The parties exchanged views on the current political and military situation in the region and considered it necessary to strengthen the capacity to protect Tajikistan’s common border with Afghanistan.

Rahmon and Zas also discussed preparations for the next meeting of the CSTO heads of state that will take place in Dushanbe this year.  

Major-General Stanislav Zas is a Ukrainian-born Belarusian general and politician who was formerly the State Secretary of the Security Council of Belarus.  Prior to this appointment, Zas had long served as Deputy State Secretary since August 2008.  In December 2018, he was made a candidate for the post of Secretary General of the Collective Security Treaty Organization, succeeding Colonel-General Yuri Khachaturov from Armenia.  In May 2019, the CSTO's Foreign Ministers nominated Zas to become Secretary General, with his official appointment being on January 1, 2020.

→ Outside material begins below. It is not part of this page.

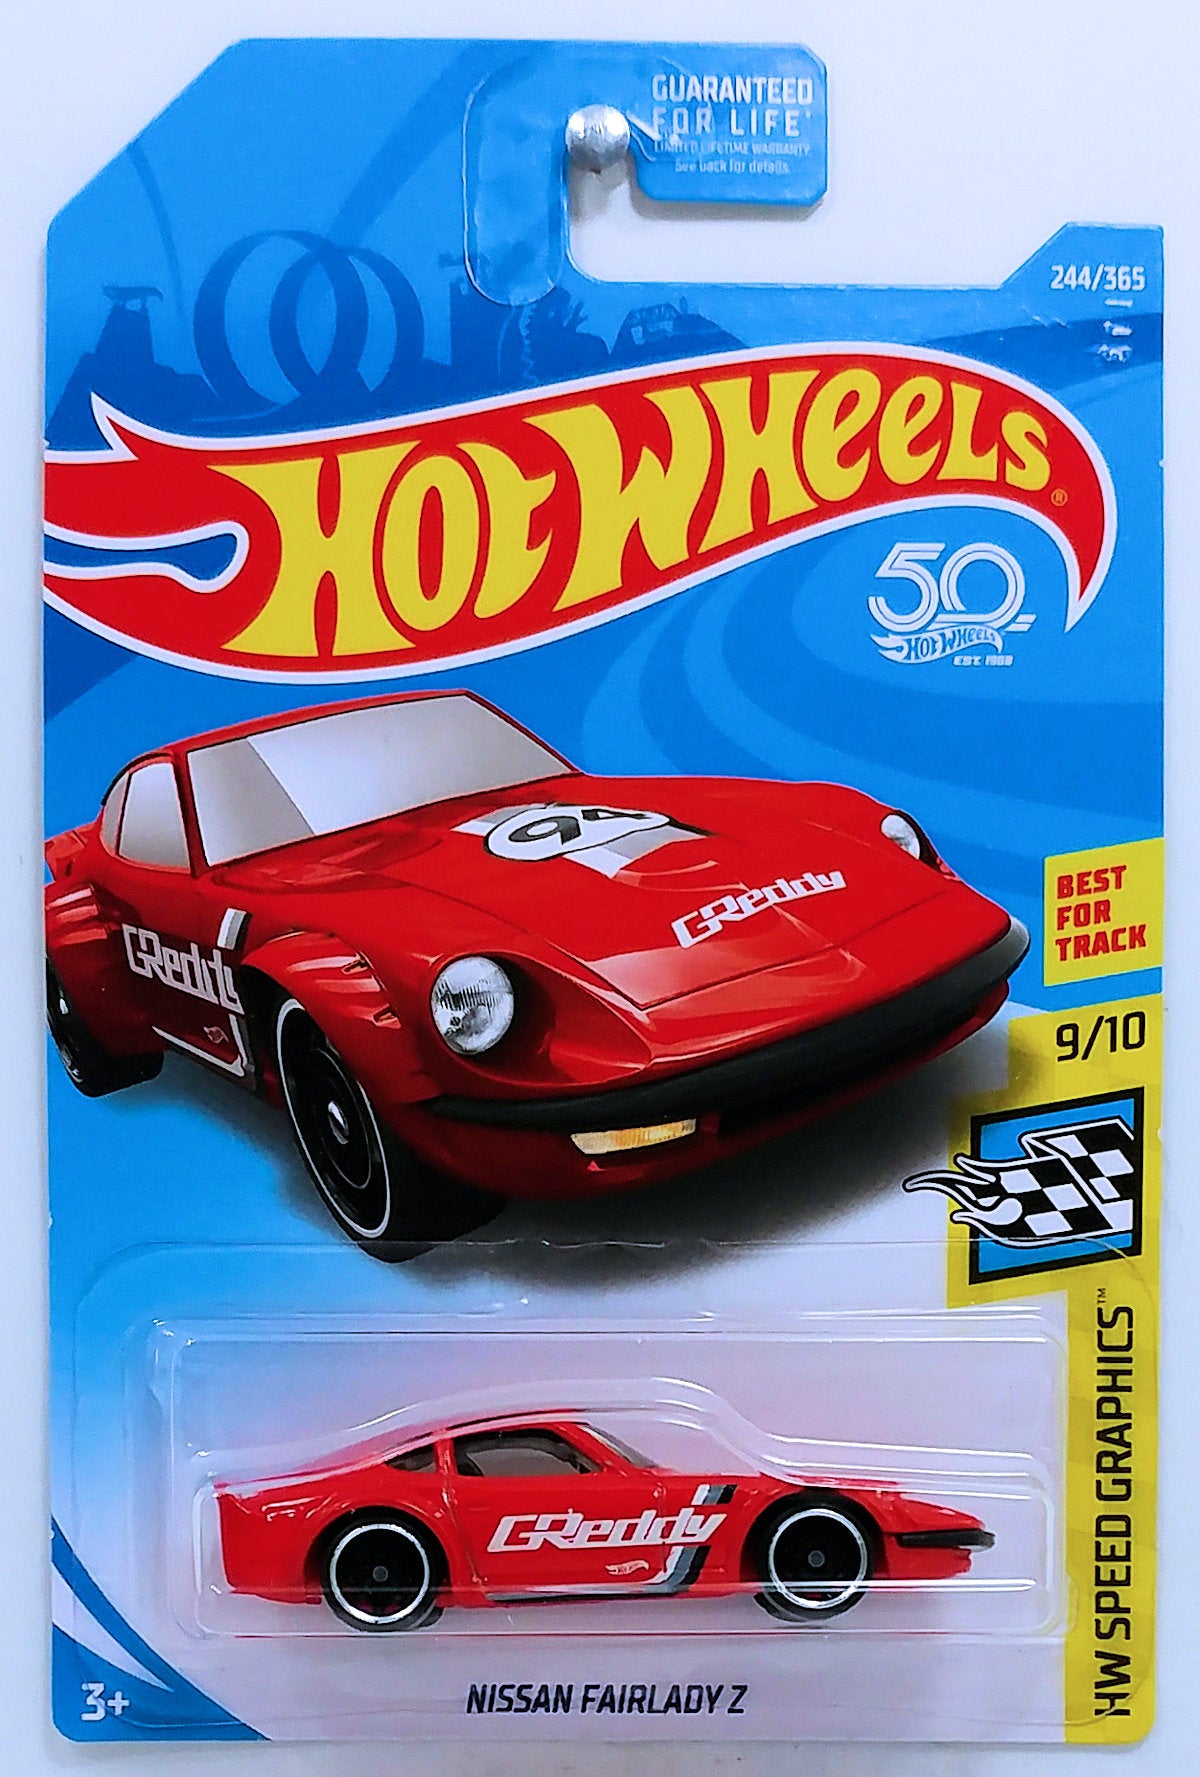 Hot Wheels 2018 - Collector # 244/365 - HW Speed Graphics 9/10 - Nissan Fairlady Z - Red / GReddy - 50th Card

The regional security organization was initially formed in 1992 for a five-year period by the members of the CIS Collective Security Treaty (CST) — Armenia, Kazakhstan, Kyrgyzstan, Russia, Tajikistan, and Uzbekistan, which were joined by Azerbaijan, Georgia, and Belarus the following year.  A 1994 treaty reaffirmed the desire of all participating states to abstain from the use or threat of force, and prevented signatories from joining any “other military alliances or other groups of states” directed against members states.  The CST was then extended for another five-year term in April 1999, and was signed by the presidents of Armenia, Belarus, Kazakhstan, Kyrgyzstan, Russia, and Tajikistan.  In October 2002, the group was renamed as the CSTO.  Uzbekistan that suspended its membership in 1999 returned to the CSTO again in 2006 after it came under international criticism for its brutal crackdown of antigovernment demonstrations in the eastern city of Andijon in May 2005.  On June 28, 2012, Uzbekistan announced that it has suspended its membership of the CSTO, saying the organization ignores Uzbekistan and does not consider its views.  The CSTO is currently an observer organization at the United Nations General Assembly.